I have downloaded and rebuilt the sofia-sip and freeswitch from freeswitch/sofia-sip#130, but FS still crashed after 18 hours running ,error message is chaned from FPE to SIGABRT.

Core was generated by `/usr/local/fs1.10.7/bin/freeswitch -nonat'. Program terminated with signal SIGABRT, Aborted.
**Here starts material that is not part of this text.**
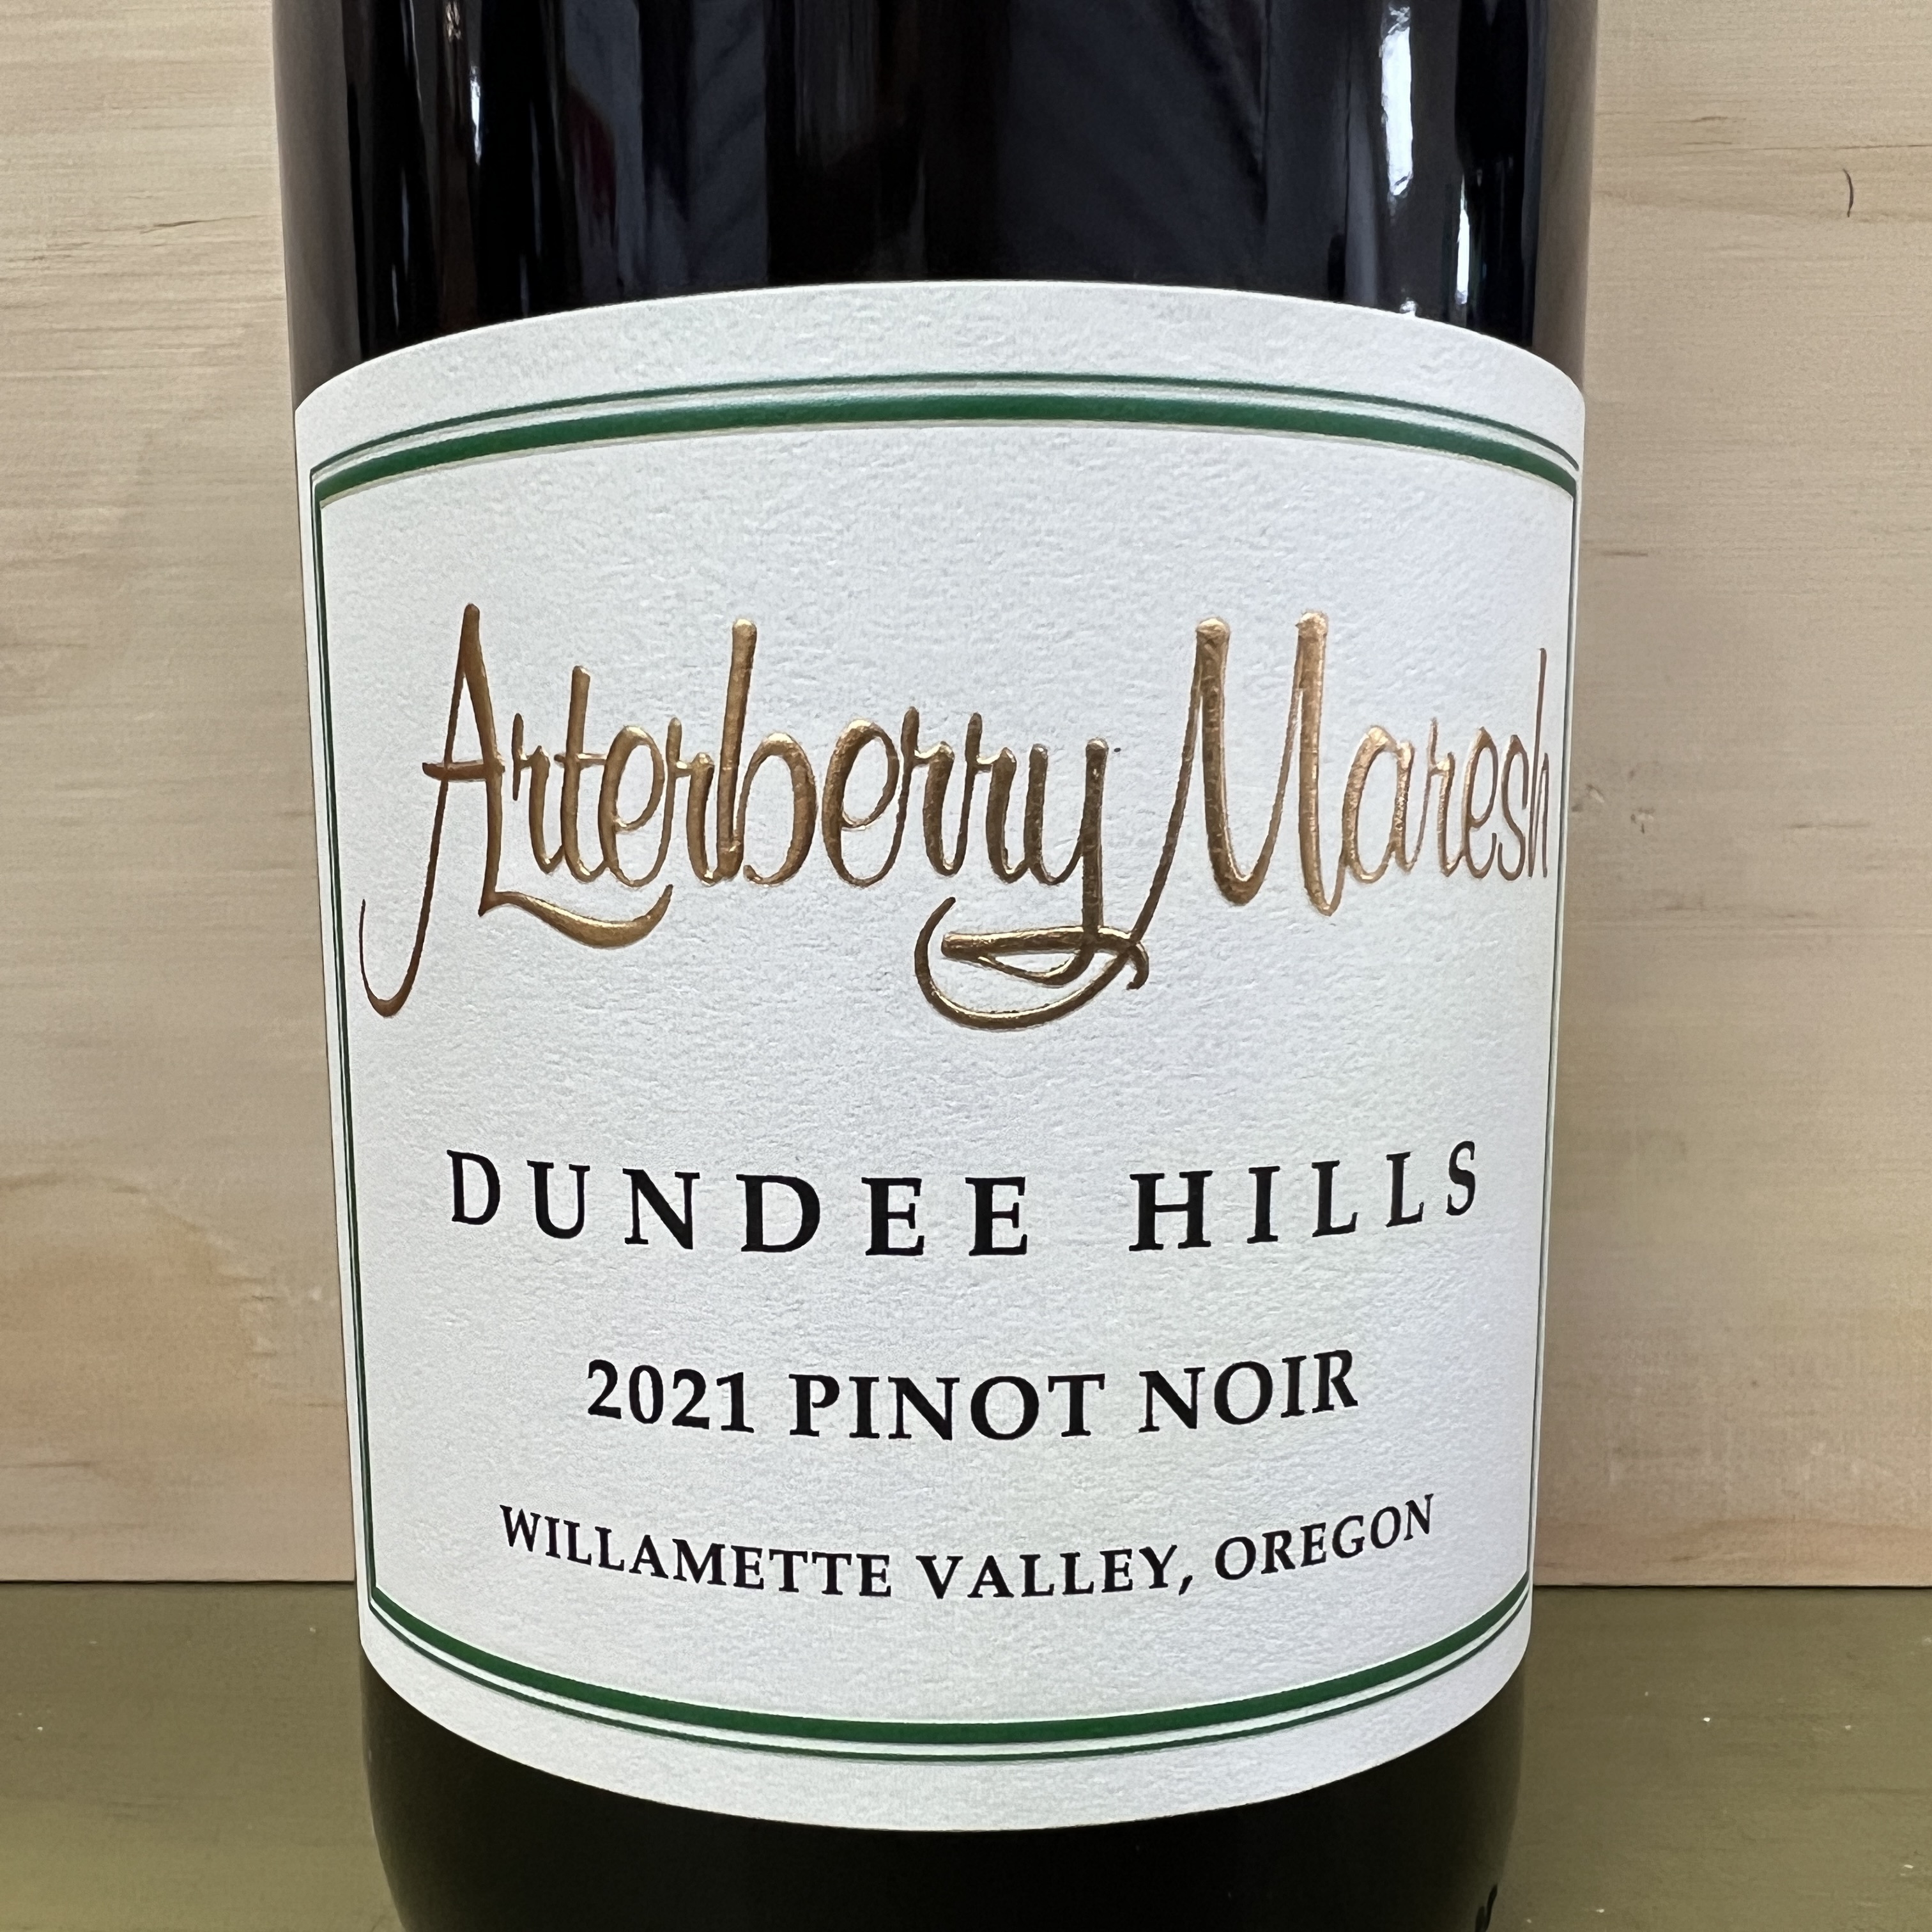 Arterberry Maresh Pinot Noir Dundee Hills 2021
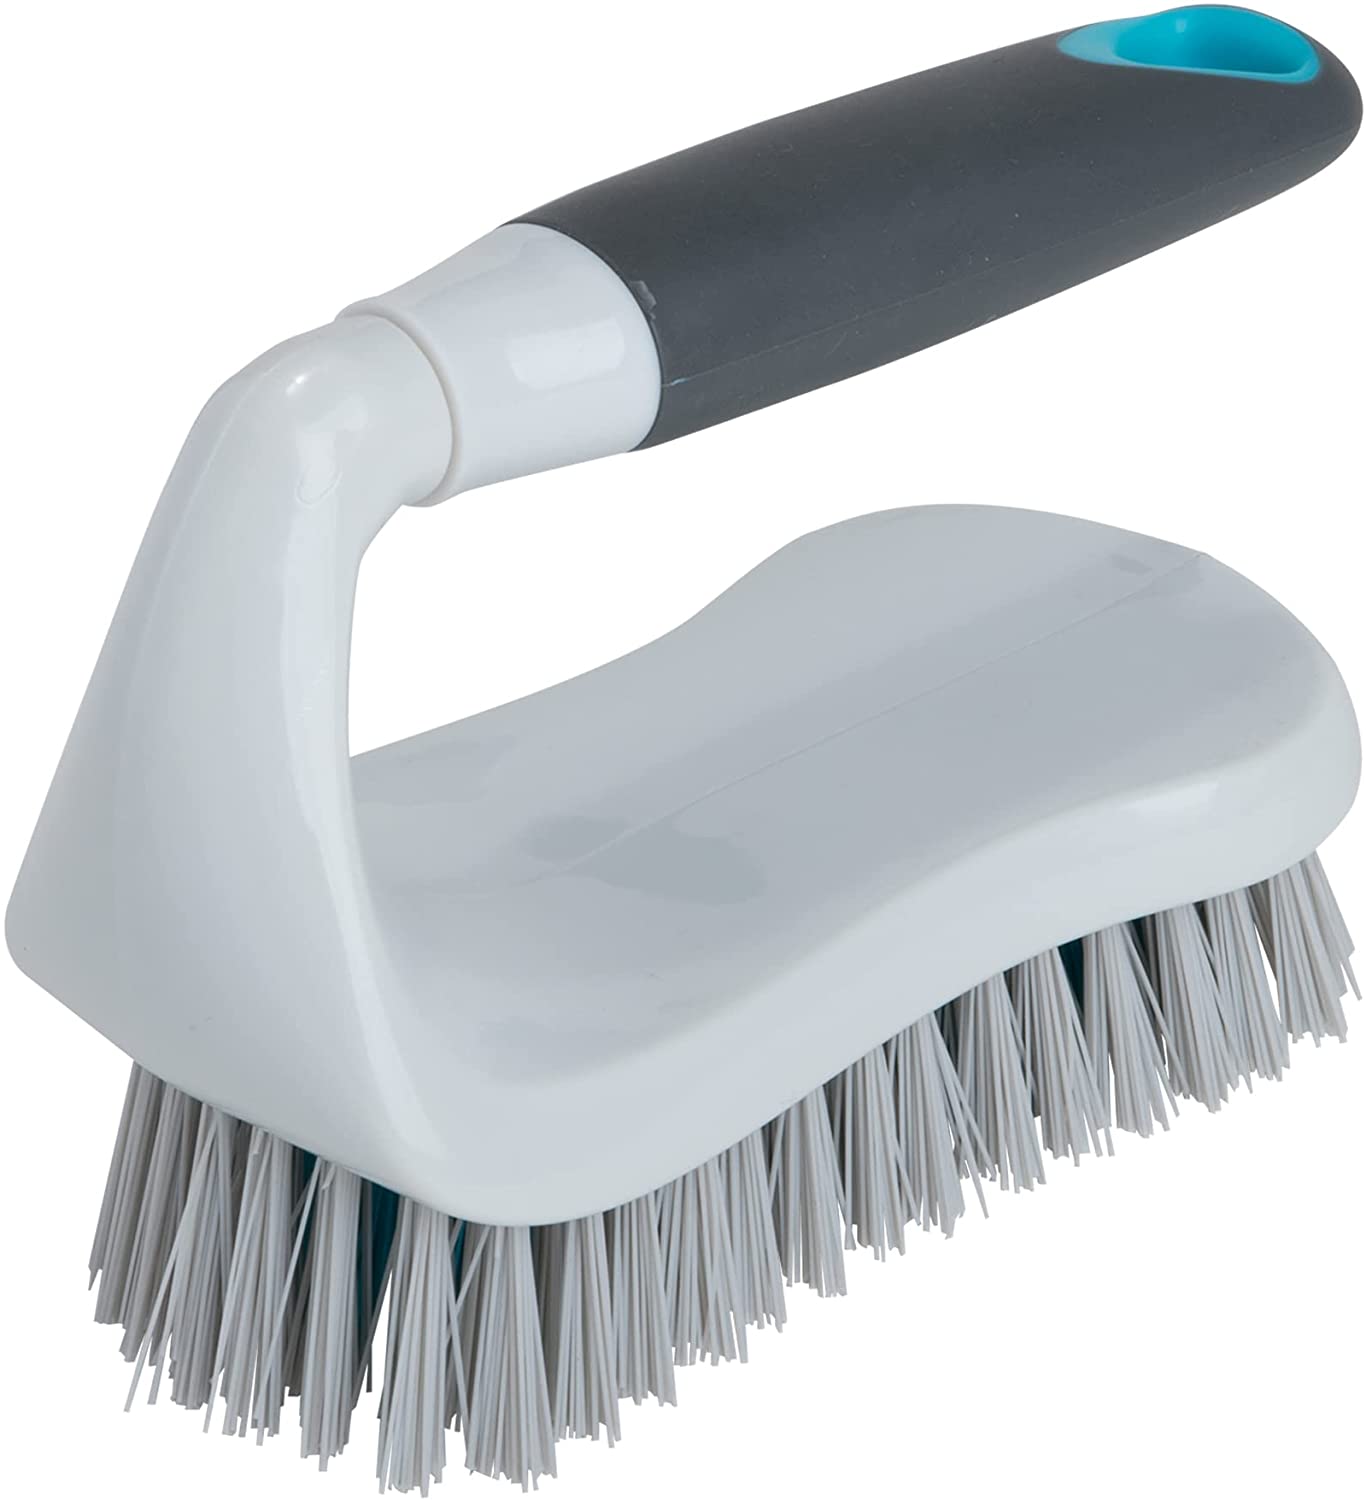 W Home Dish Brush, Multi-purpose Soap Dispensing Scrubber with Nylon  Bristles

0 0x00007f9a3713a337 in ssignal () from /lib64/libc.so.6

[Current thread is 1 (LWP 152931)] (gdb) (gdb) (gdb) (gdb) bt

0 0x00007f9a3713a337 in ssignal () from /lib64/libc.so.6

1 0x00007f9a3713ba28 in abort () from /lib64/libc.so.6

2 0x00007f9a3717ce87 in __libc_message () from /lib64/libc.so.6

3 0x00007f9a37185679 in _int_free () from /lib64/libc.so.6

4 0x00007f9a38b77c06 in sub_alloc (home=0x7f99ec42fa40, sub=0x7f99ec34e6e0, size=80,

zero=do_calloc) at su_alloc.c:478

5 0x00007f9a38b798e3 in su_zalloc (home=0x7f99ec42fa40, size=80) at su_alloc.c:1577

6 0x00007f9a38b01d4b in outgoing_make_a_aaaa_query (orq=0x7f99ec430dc0) at nta.c:10463

7 0x00007f9a38b01350 in outgoing_resolve_next (orq=0x7f99ec430dc0) at nta.c:10244

8 0x00007f9a38b02e88 in outgoing_answer_srv (orq=0x7f99ec430dc0, q=0x7f99ec430fe0,

answers=0x7f99ec356780) at nta.c:10830

9 0x00007f9a38b6c2c8 in sres_query_report_error (q=0x7f99ec430fe0, answers=0x7f99ec356780)

at sres.c:2991

10 0x00007f9a38b6c675 in sres_resend_dns_query (res=0x7f99ec002990, q=0x7f99ec430fe0,

timeout=0) at sres.c:3091

11 0x00007f9a38b6d5c2 in sres_resolver_report_error (res=0x7f99ec002990, socket=229,

errcode=111, remote=0x7f9a22062560, remotelen=16, 
info=0x7f9a220624e0 "icmp type=3 code=3 reported by 127.0.0.1") at sres.c:3440

12 0x00007f9a38b6d281 in sres_resolver_error (res=0x7f99ec002990, socket=229) at sres.c:3354

13 0x00007f9a38b72f20 in sres_sofia_poll (magic=0x7f9a00001180, w=0x7f99ec20d494,

reg=0x7f99ec0037c0) at sresolv.c:357

14 0x00007f9a38b8479a in su_epoll_port_wait_events (self=0x7f99ec0008c0, tout=695)

at su_epoll_port.c:510

15 0x00007f9a38b80b9a in su_base_port_run (self=0x7f99ec0008c0) at su_base_port.c:349

16 0x00007f9a38b7ce4a in su_port_run (self=0x7f99ec0008c0) at su_port.h:326

17 0x00007f9a38b7df24 in su_root_run (self=0x7f99ec001130) at su_root.c:819

18 0x00007f9a38b81956 in su_pthread_port_clone_main (varg=0x7f9a237d6450)

at su_pthread_port.c:343

19 0x00007f9a37bade65 in start_thread () from /lib64/libpthread.so.0

20 0x00007f9a3720288d in __libc_ifunc_impl_list () from /lib64/libc.so.6

21 0x0000000000000000 in ?? ()

(gdb)

please help,thank you! backtrace20220521.log

dragos-oancea commented 2 years ago

I pushed another commit and rebased the branch, so you'll get more fixes. please test.